Tabayun ini dilakukan setelah viralnya video Mbah Benu yang mengaku menelepon Allah swt untuk penentuan 1 Syawal 1445 H.


Dalam pertemuan itu, Mbah Benu menyatakan berkomitmen kembali kepada ajaran al-haq, yaitu ajaran yang bersumber Al-Qur'an dan hadist.
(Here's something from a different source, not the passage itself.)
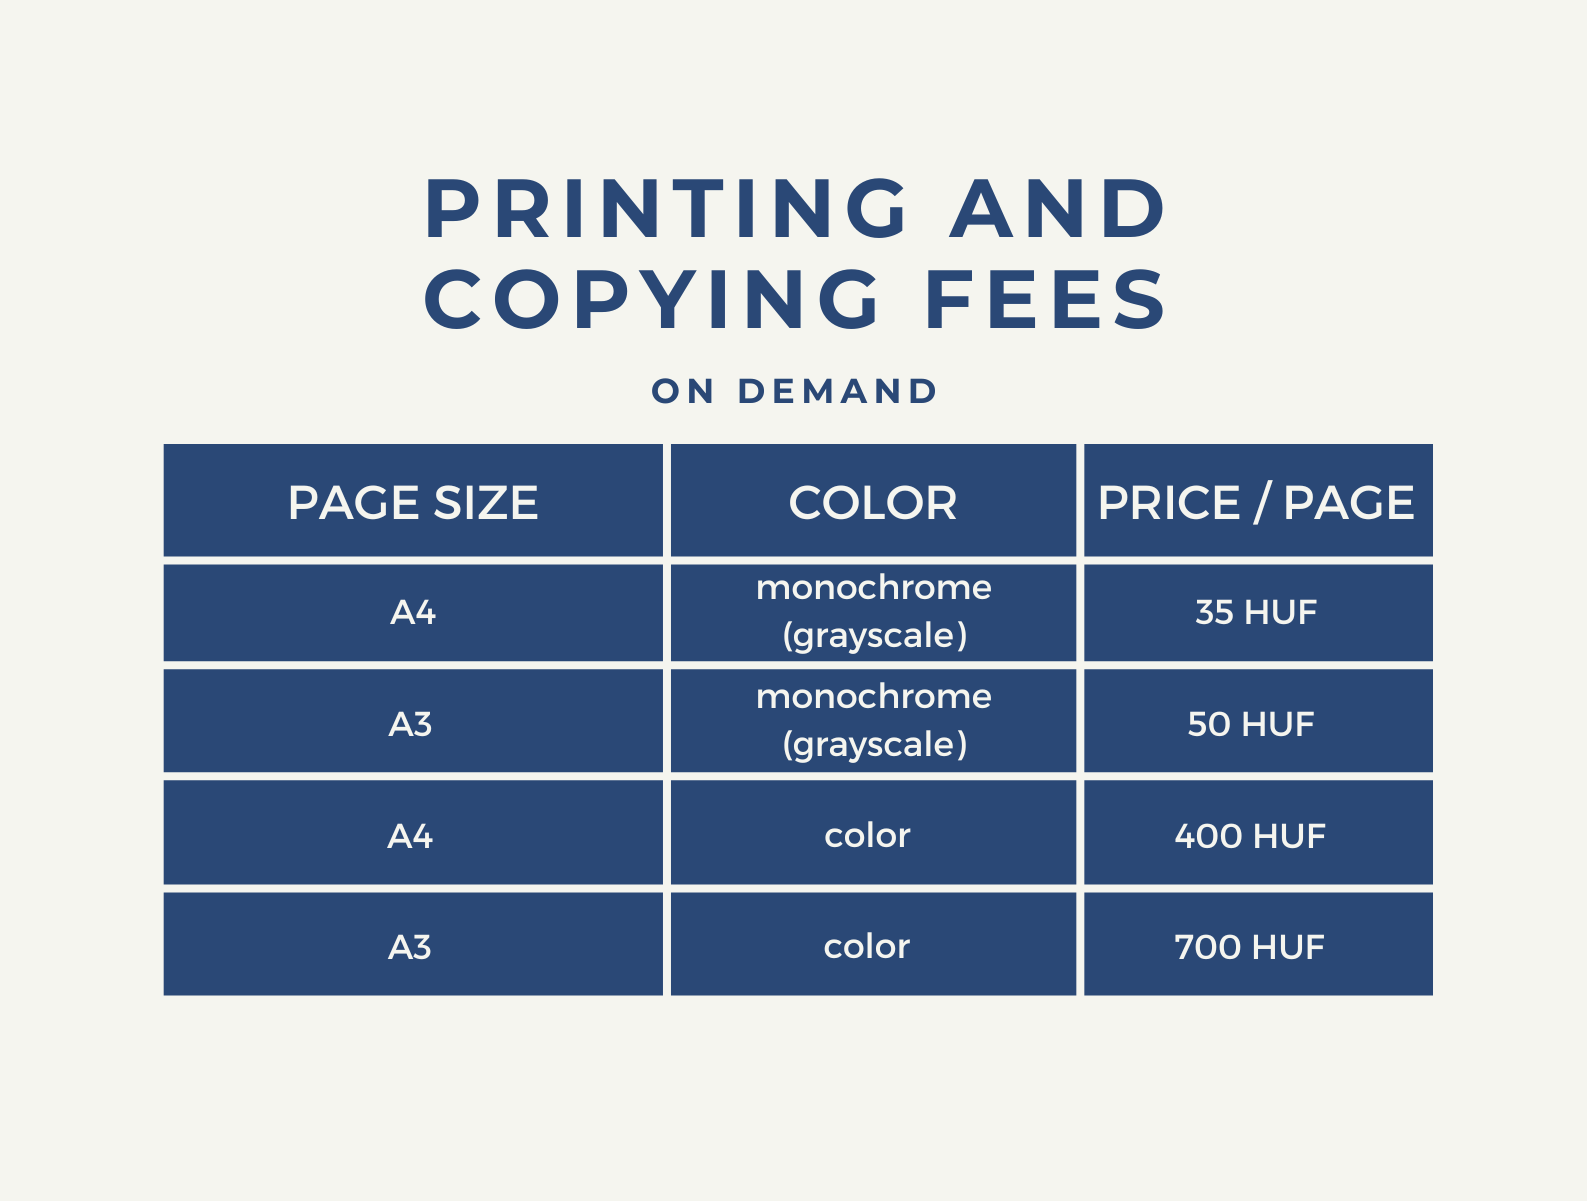 Price table printing to order: A4 black and white 35 HUF/page, A3 black and white 60 HUF/page, A4 color 400 HUF/page, A3 color 700 HUF/page

Mbah Benu juga sudah menyatakan akan tetap berkomitmen untuk menjaga persatuan dan keutuhan NKRI tanpa membuat ucapan dan tindakan yang kontroversial.

 

Menanggapi viralnya pernyataan Mbah Benu, Ketua Pengurus Besar Nahdlatul Ulama (PBNU) KH Ahmad Fahrur Rozi atau Gus Fahrur berharap semua umat Islam khususnya tokoh agama harus beribadah sesuai ajaran agama Islam yang benar, menggunakan ilmu, dan akal sehat.


"Tidak boleh mempermainkan ajaran agama Islam termasuk berdalih telah berbicara langsung dengan Allah swt," kata Gus Fahrur, Sabtu (6/4/2024).


Menurut Gus Fahrur, seseorang tidak bisa secara asal-asalan mengaku sudah berkomunikasi langsung dengan Gusti Allah. "Pengakuan semacam itu tidak sah dan tidak boleh dijadikan dasar tuntunan agama," tegasnya.


Ibadah dalam Islam, lanjutnya, harus sesuai tuntunan syariat yang dipahami dengan ilmu-ilmu standar ajaran agama Islam yang sudah jelas dalil-dalilnya dan garis-garisnya.